I'm sure the above is some standard piece of control theory but apart
from
one open university program I'll never forget which began with attempts
to
make a moving model tank target a moving object and ended with a sparrow
on
a wind-blown branch keeping its head perfectly stationary, I've never studied it. Anyone who knows what the above algorithm's known as please
let
me know.
Also, this sounds like a lot of logic to have in the VM and a source of possible confusion for the user - they would have to know to use the
right
invocations for measuring timespans, and not rely on a naive "let's get
the
time now and subtract it from the time later to get the difference",
because
they might end up with a timespan over "slow" or "fast" seconds.

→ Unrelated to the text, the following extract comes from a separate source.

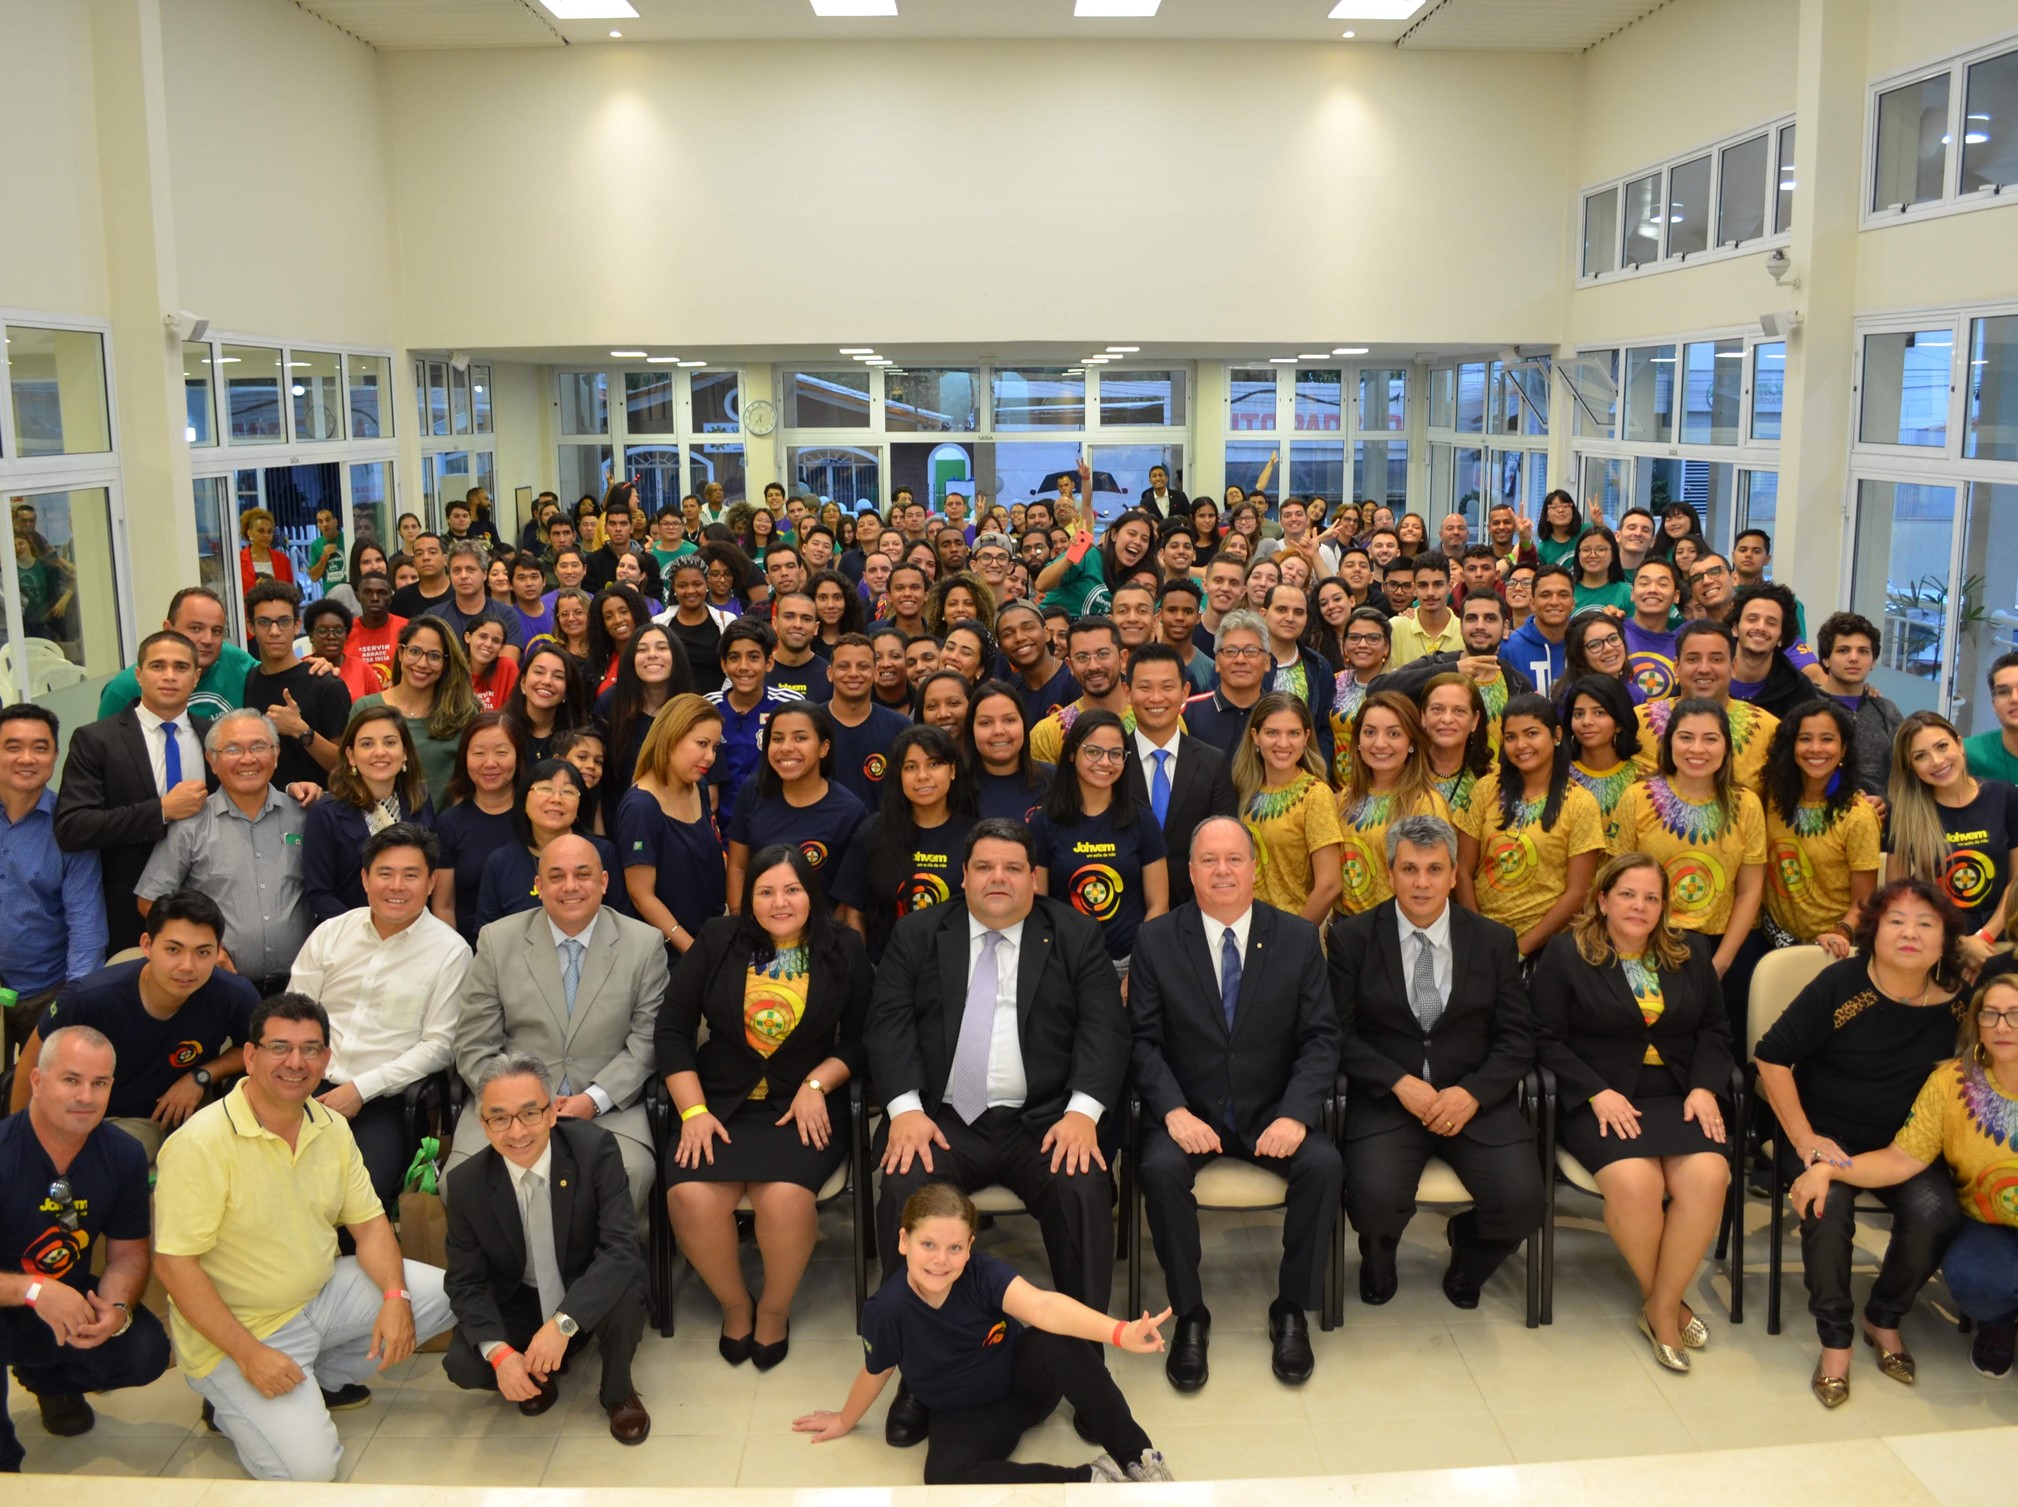 Igreja São José dos Campos (SP) recebe 430 participantes para intercâmbio de jovens

No, that's exactly the point. With the above algorithm in use, (I
believe)
time is never more than 1% inaccurate, but converges on wall time, and
hence
the programmer can use one clock for both measurement and determining
wall
time. The only assumptions are that computer clocks are accurate to more than 1% and that the ntpd daemon adjusts the local notion of wall time
based
on a reputable clock.
Review appreciated.
cheers, Tim
On 16 February 2016 at 00:49, Eliot Miranda eliot.miranda@gmail.com wrote:
Hi Levente, Hi Bert, Hi All,
On Mon, Feb 15, 2016 at 3:39 PM, Levente Uzonyi leves@caesar.elte.hu wrote:
On Mon, 15 Feb 2016, Bert Freudenberg wrote:
> On 15.02.2016, at 10:17, marcel.taeumel Marcel.Taeumel@hpi.de
wrote:
> > Hi Bert, > > this was just a regression. There has always been this check in the > past for > Morphic projects and still today for MVC projects.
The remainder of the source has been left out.